A recently published meta-analysis compared SIMS with both retropubic and transobturator standard midurethral slings (SMUS) [18]. It is important to mention that 71 % of patients in the SIMS group received TVT Secur, the first SIMS commercially available, which has been associated with poor results. Moreover, a previous experimental study that highlighted the key importance of an effective primary fixation system for achieving good results with minislings showed that TVT Secur in particular is associated with delayed and less intense adherence to host tissue after implantation [12]. In subsequent studies, a later generation of SIMS showed substantially better results than TVT Secur. In these later series, the Ophira and Miniarc procedures produced comparable results [1921].

However, the ideal patient for a minisling is still to be determined. To answer this question, we stratified patients as naïve, those who had previously undergone anti-incontinence procedures that had failed, and by age, setting the age of 60 years as the threshold. We obtained the best results in naïve patients (89.6 % cures). For elderly patients, the objective cure rate was 80.6 %, which resulted in a nonsignificant OR for failure of 2.0 (95 % 0.55–7.71). Although our results in the elderly are quite acceptable and not significantly different from those of younger patients, many studies have reported less than optimal results in the former subset of patients. In a previous study, the authors concluded that TVT in elderly patients (> 70 years) results in less favorable outcomes [22]. Because of low complication rates, bulking agents are frequently indicated for the elderly and patients who are unsuitable for surgery, even though they produce lower continence rates than SMUS [23]. The favorable results in elderly patients in our study indicate that this rationale (for bulking agent use) might also be considered for SIMS. Nevertheless, data from a randomized controlled trial are necessary to confirm or reject this possibility.

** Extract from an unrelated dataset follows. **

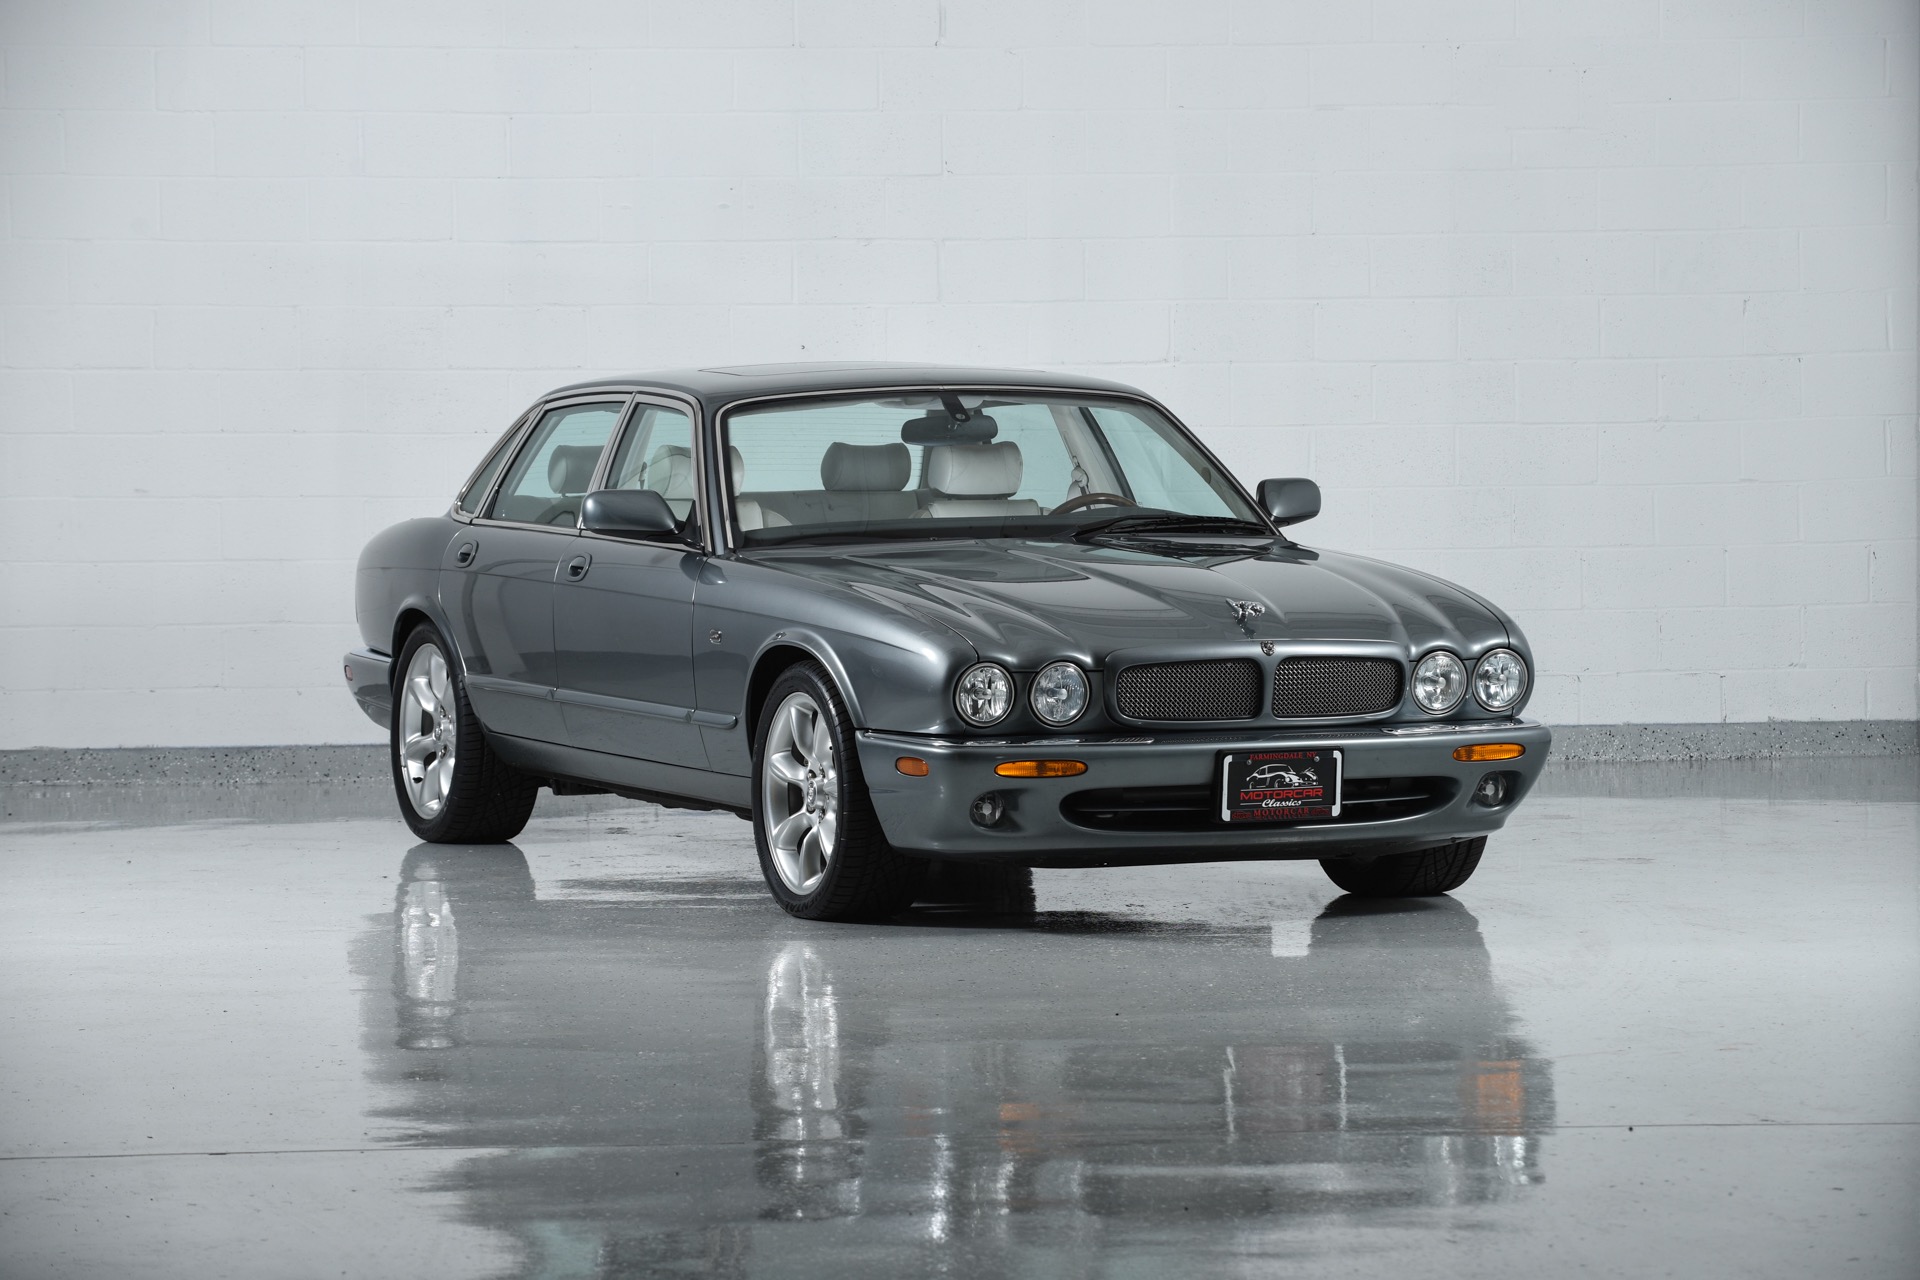 Used 2003 Jaguar XJR For Sale ($29,500) | Motorcar Classics Stock #1489

In clinical settings, the risk of failure must be related to safety. Many studies report an incidence of bladder perforation of 1–15 % and an average perforation rate of 5 % with a retropubic approach. On the other hand, transobturator slings have a lower rate of bladder and urethral injury during needle passage, which generally occurs in <1 % of patients, but this type of device usually causes groin pain. Bleeding, another important complication, occurs mainly during needle passage [13]. Bleeding upon entry into the retropubic space or the obturator internus muscles (in the transobturator route) can be difficult to manage. Moreover, some major complications, such as bowel and vascular injuries, as well as deaths have been reported [3]. Most of the described major complications are related to the blind nature of these procedures [8]. In this Ophira study, there were no cases of severe intraoperative bleeding, organ injury, or persistent pain. We consider that the absence of major complications in this series is attributable to reduction of the main risk factors; namely, reduction in blind passage of needles, the need for only one incision, and the relatively small extent of tissue dissection (considerably smaller than with SMUS).

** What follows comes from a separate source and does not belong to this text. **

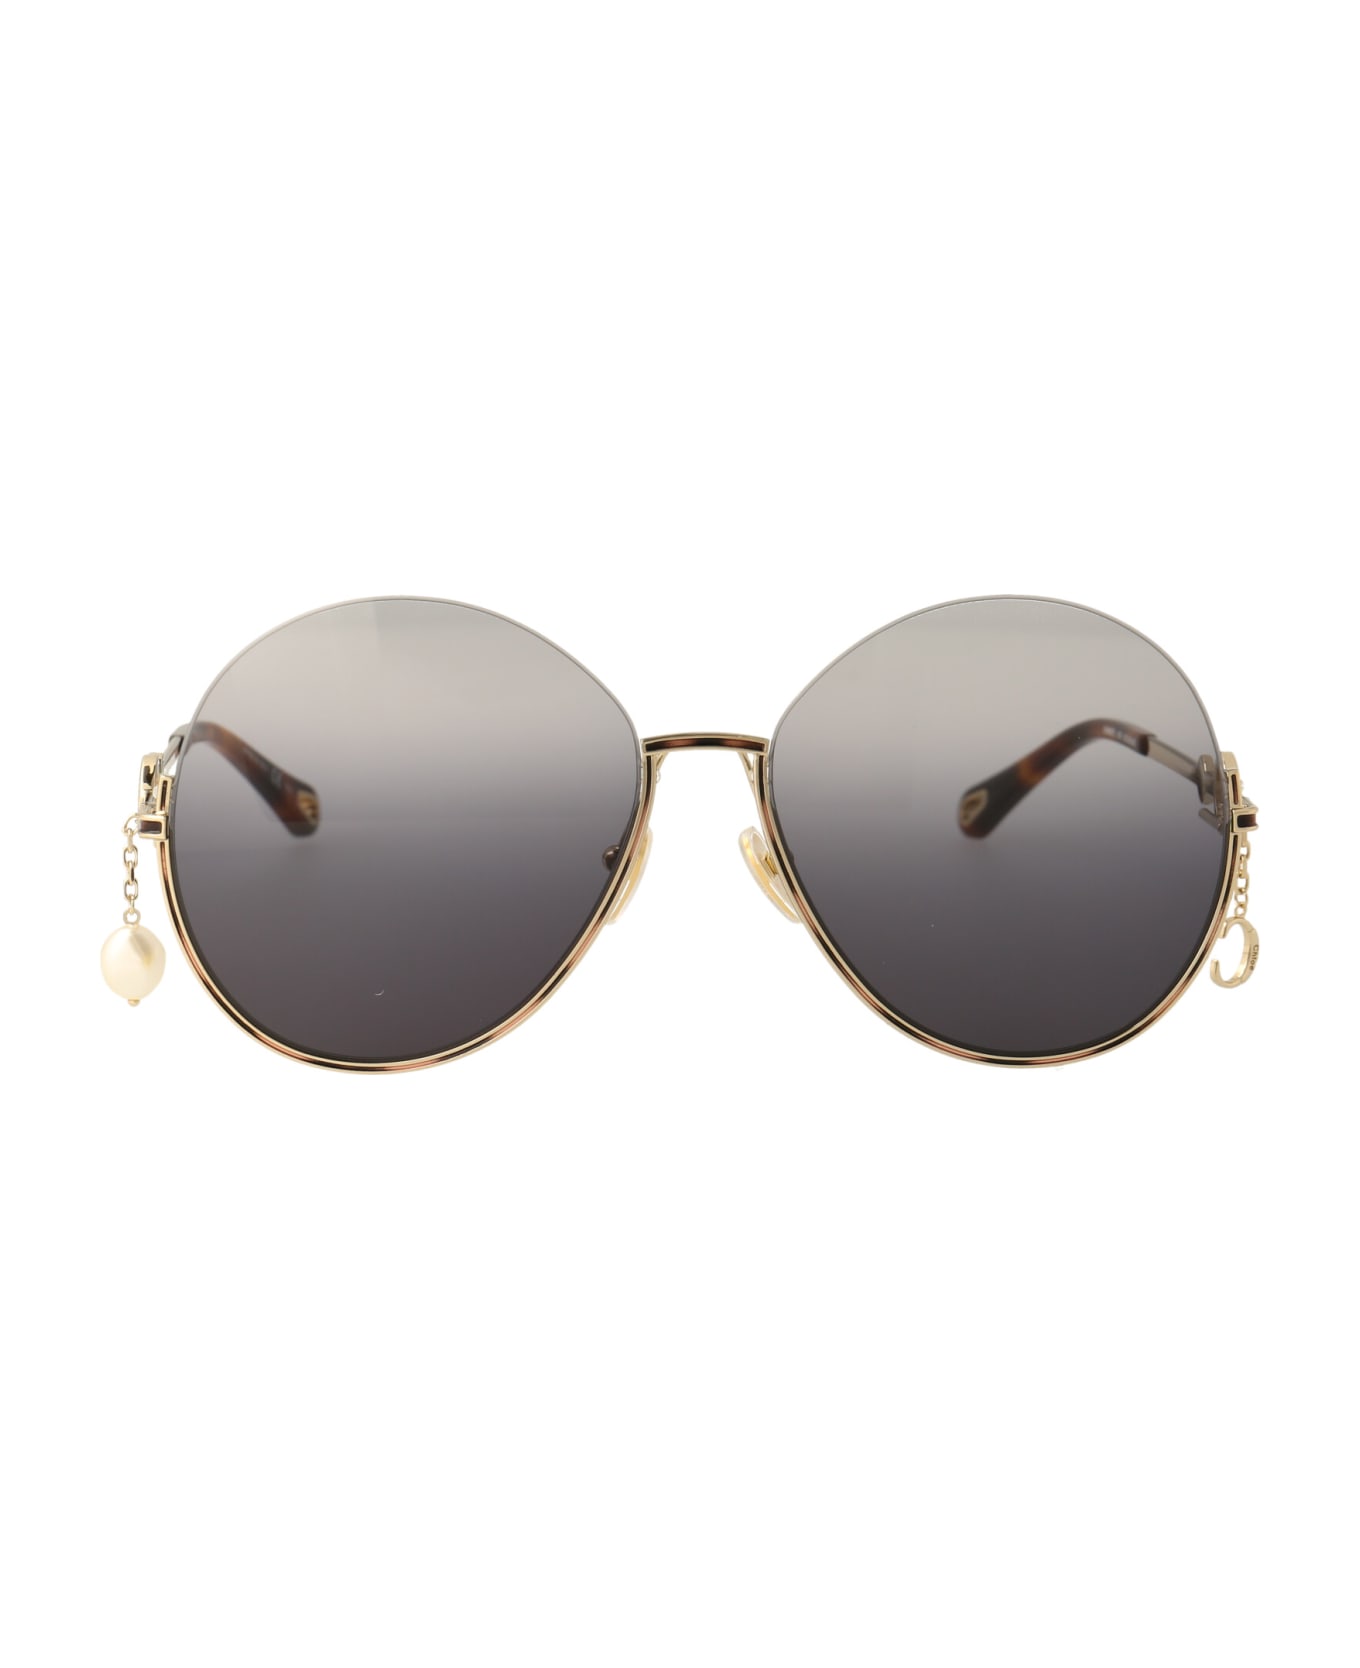 Chloé Eyewear Ch0067s Sunglasses - 001 GOLD GOLD BLUE

For patients who had previously undergone surgery, the success rate was 67.9 % and the OR for failure 4.0 (95 % CI 1.02–15.57). In a prospective study of TVT in 34 women with recurrent SUI, the cure rate was 82 % [22]. However, several studies using retropubic or transobturator slings failed to reproduce this high success rate for recurrent SUI, reporting cure rates ranging from 62 % to 74 % [2427]. It is important to note that patients with good urethral mobility did better than those with fixed urethras.

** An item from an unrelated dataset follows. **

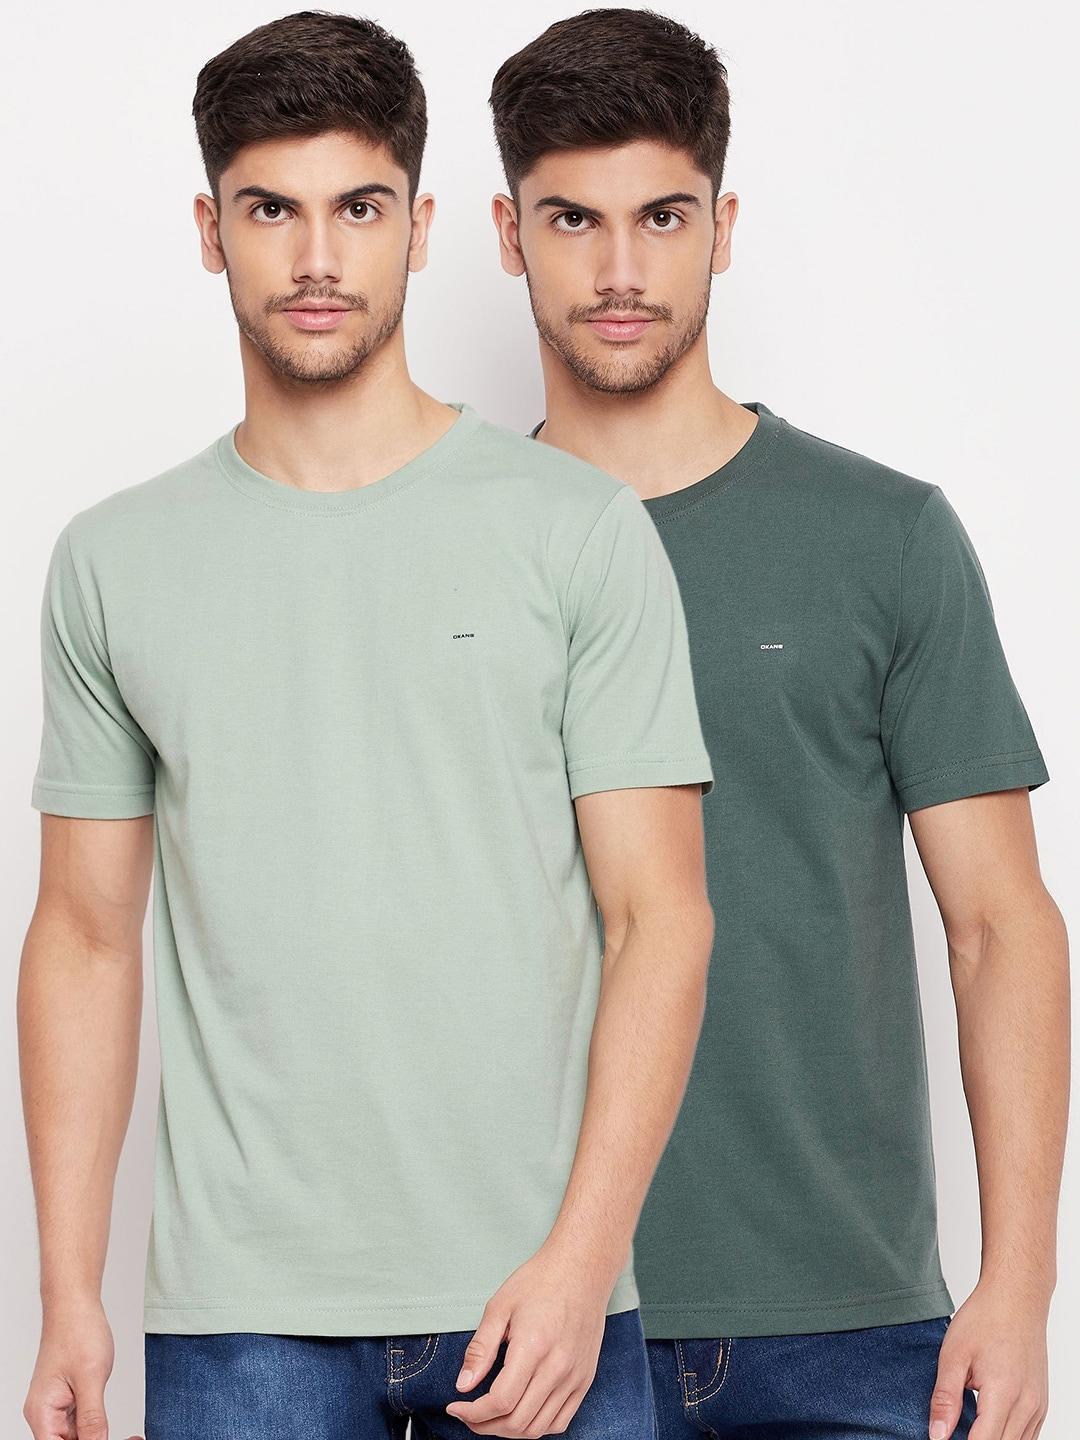 okane-men-olive-green-2-v-neck-pockets-t-shirt

To our knowledge, this is the first report of results of using minislings for recurrent SUI. Our results are similar to those reported for TVT or TOT in this subset of patients. Although our overall results are satisfactory, we stress that we achieved significantly better outcomes in the naïve group of patients.

In conclusion, the Ophira Mini Sling System is a safe and effective option for treating SUI and attans durable good results. The ideal candidates for this technique are naïve patients; previous surgeries were identified as the only significant risk factor, though previously operated patients showed an acceptable success rate.